Data section START

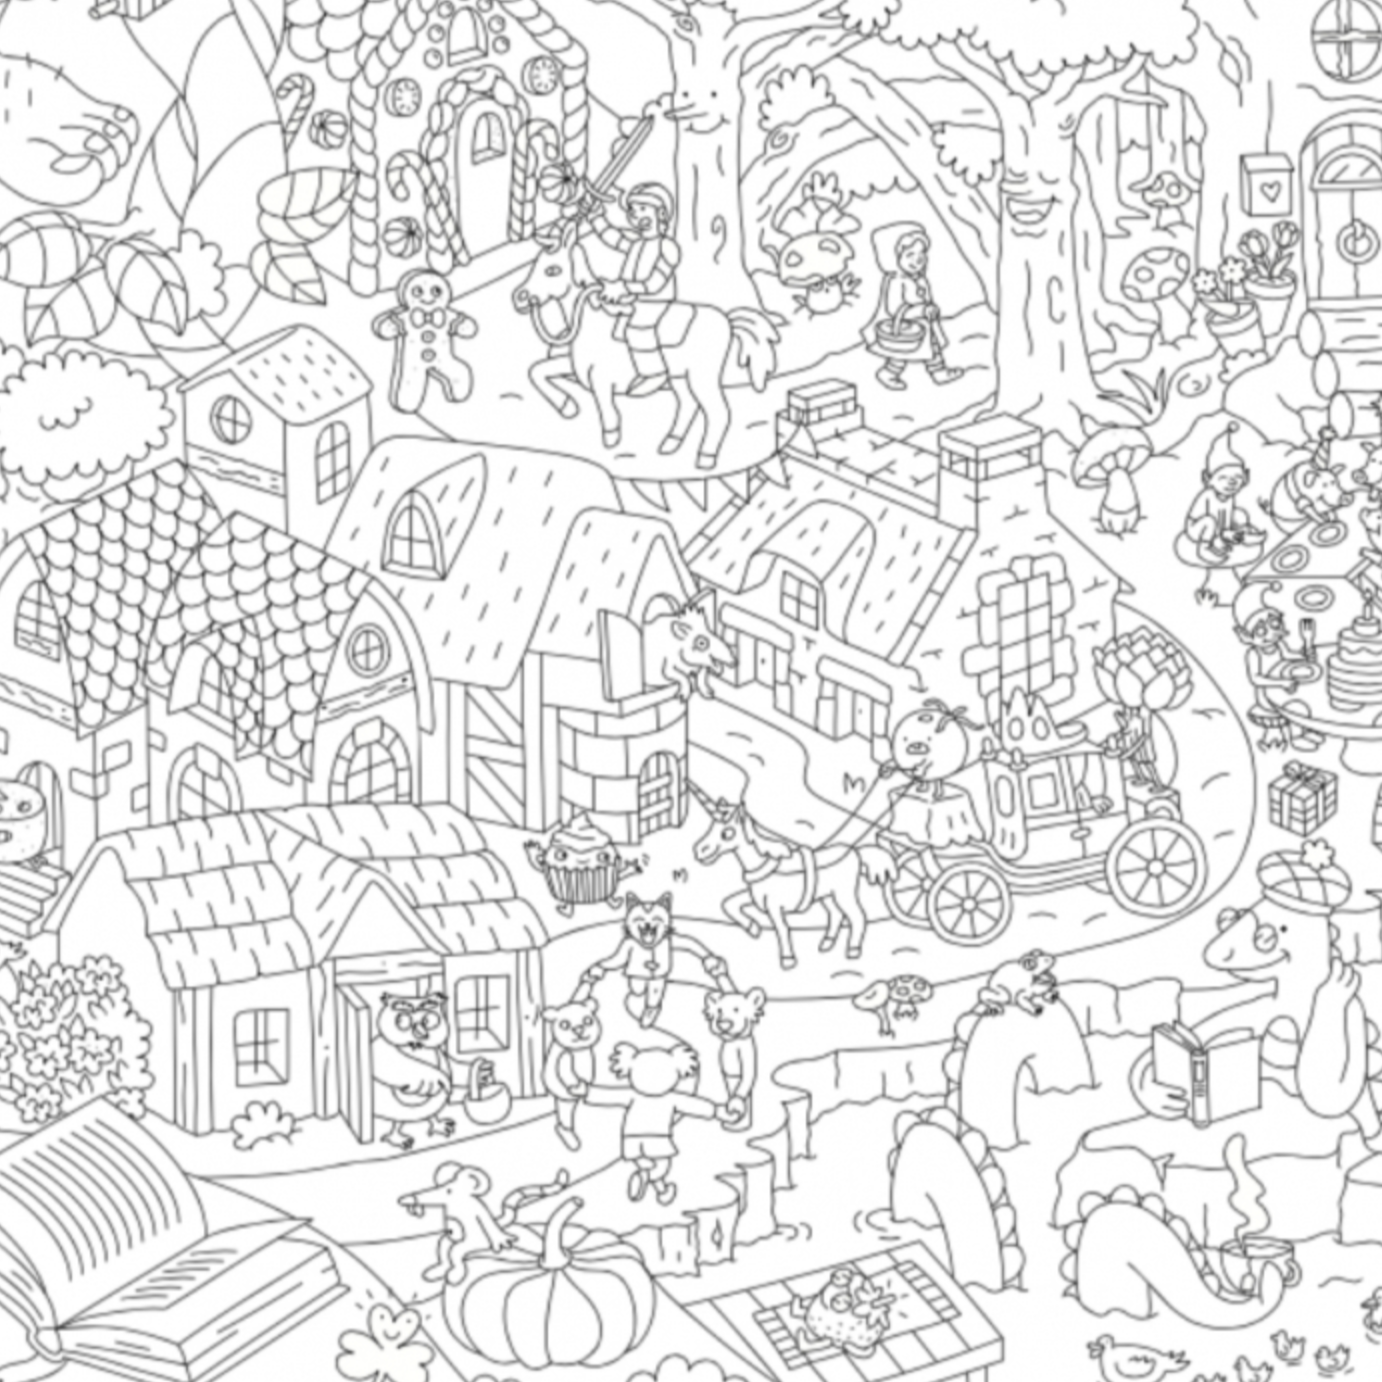 OMY Tales and Legend - XXL Colouring Poster
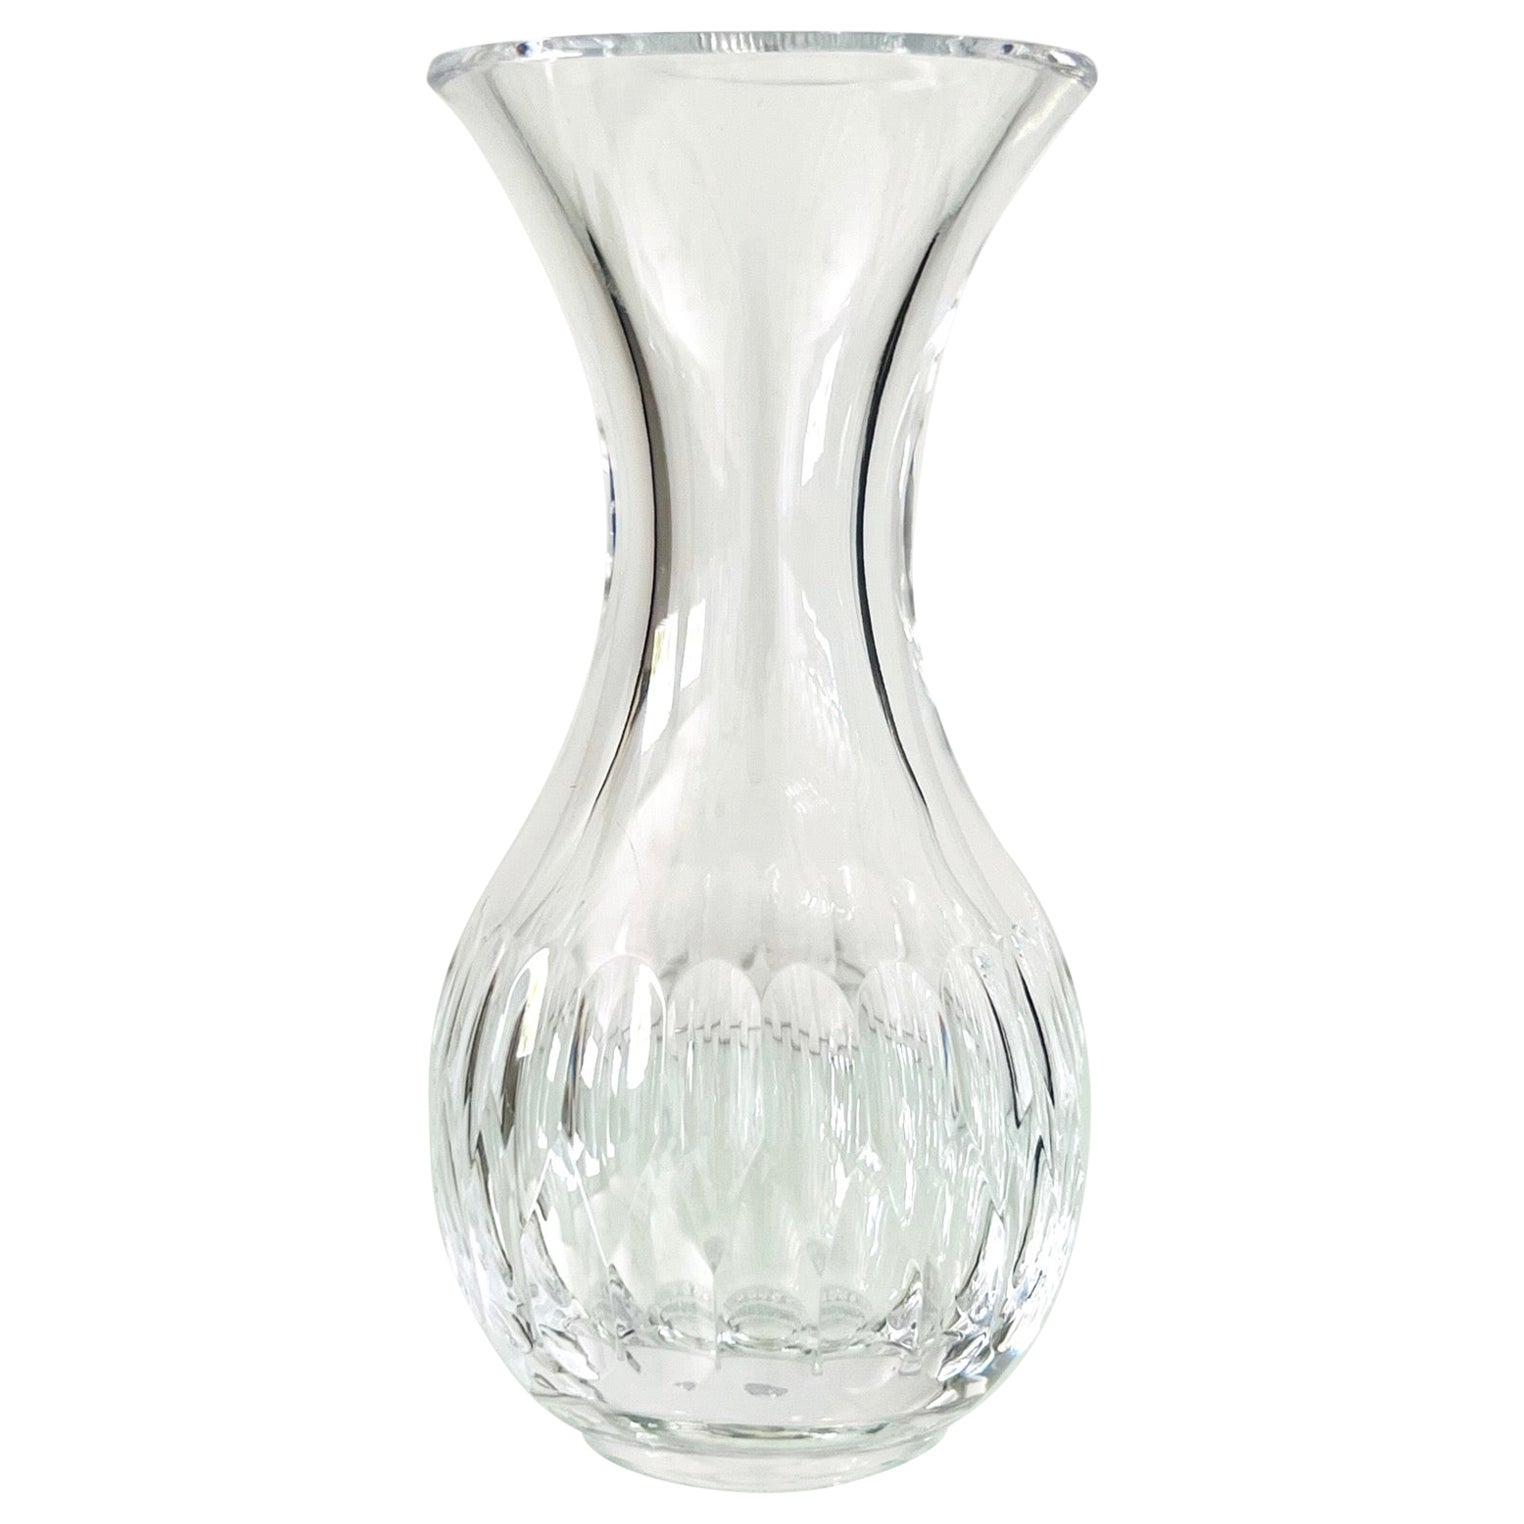 Vintage Waterford Crystal Open Carafe with Faceted Design, C. 1985
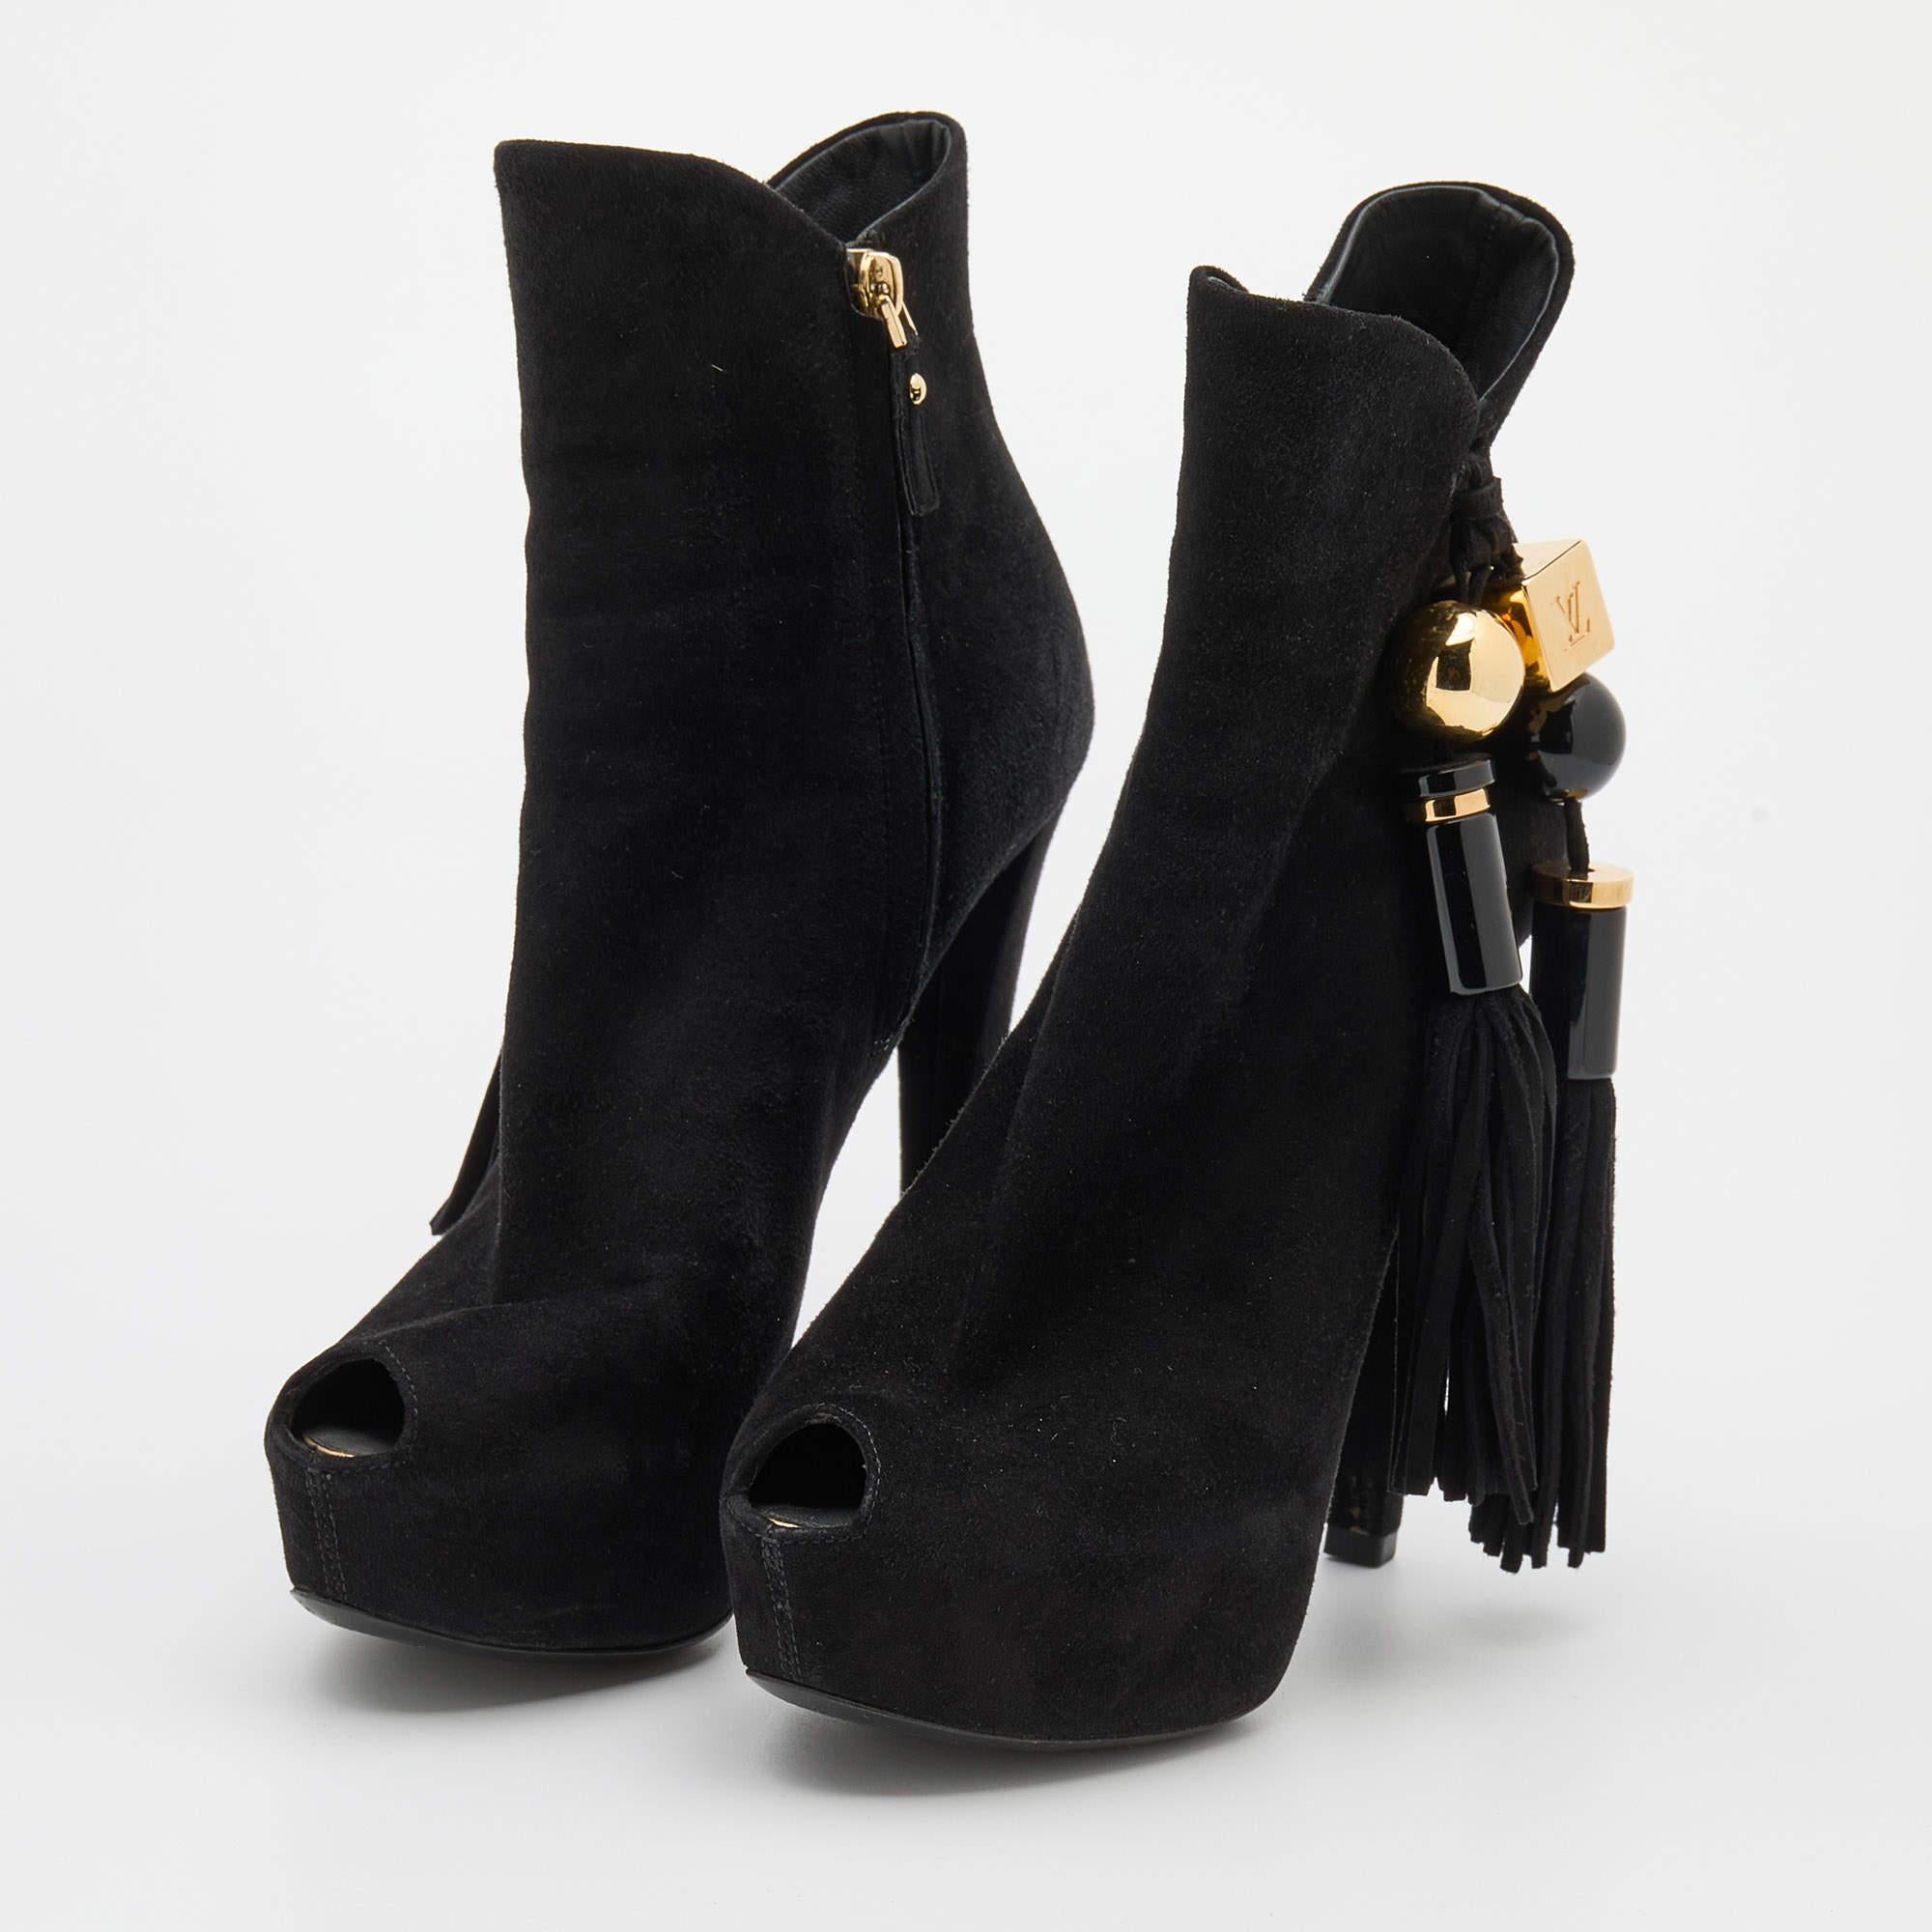 Louis Vuitton is all set to impress you with this stunning pair of booties. Crafted from suede, they feature peep toes. This pair of booties will raise your style factor.

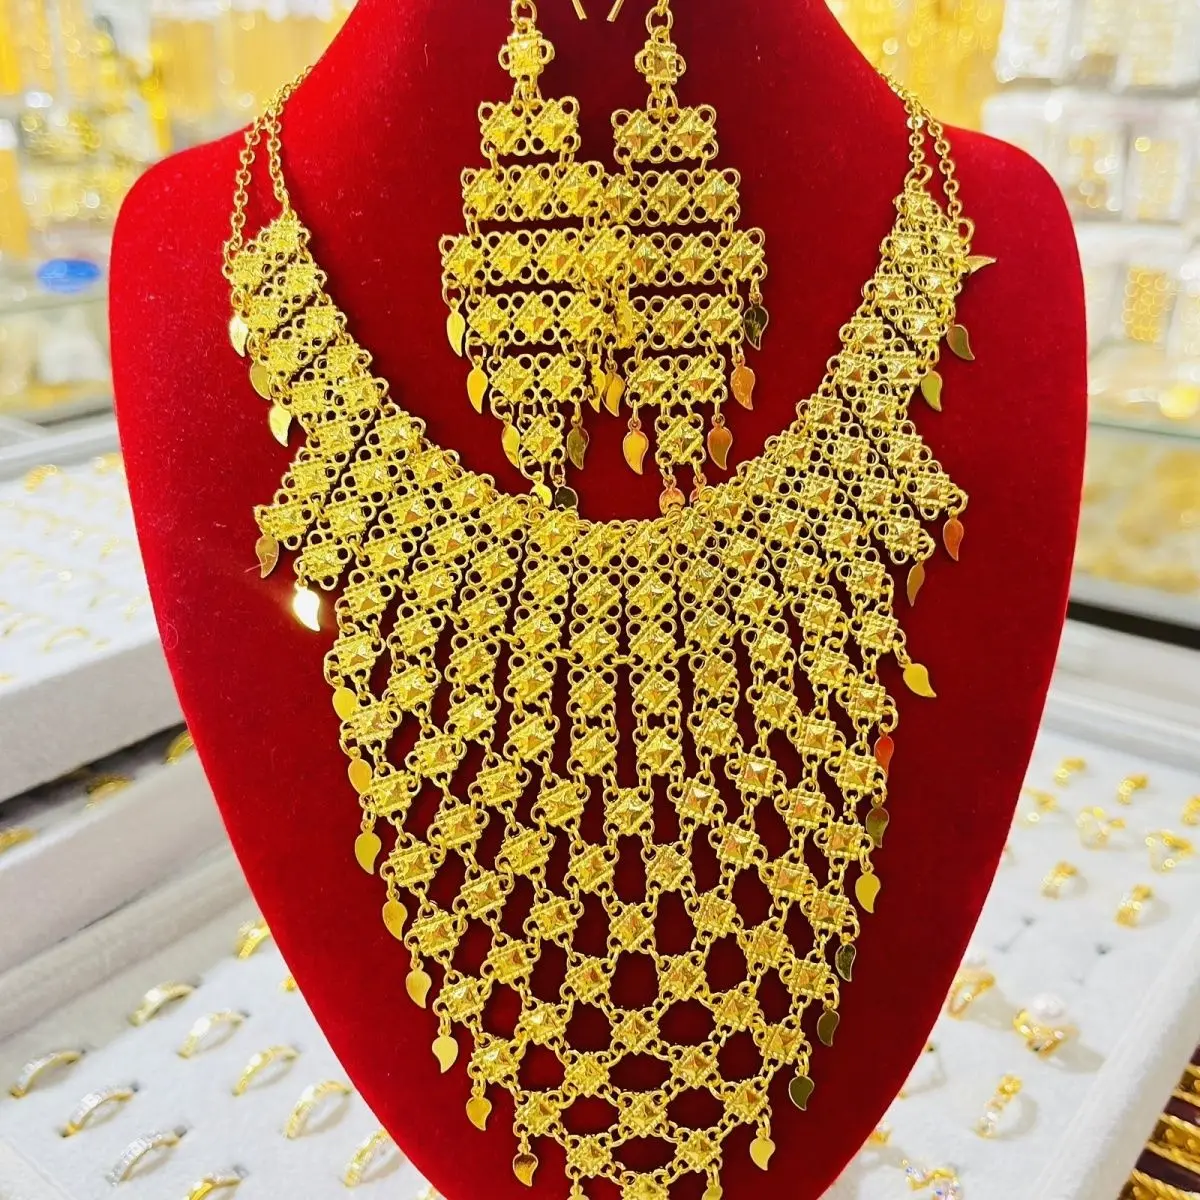 Popodion New Dubai Jewelry Set Women's Necklace Earrings Ring Bridal Wedding Accessories YY10093

Data section END

Restate the listing above word for word and skip each picture.

*Answer to this task*.
 OMY Tales and Legend - XXL Colouring Poster
 Vintage Waterford Crystal Open Carafe with Faceted Design, C. 1985
 Louis Vuitton is all set to impress you with this stunning pair of booties. Crafted from suede, they feature peep toes. This pair of booties will raise your style factor.

 Popodion New Dubai Jewelry Set Women's Necklace Earrings Ring Bridal Wedding Accessories YY10093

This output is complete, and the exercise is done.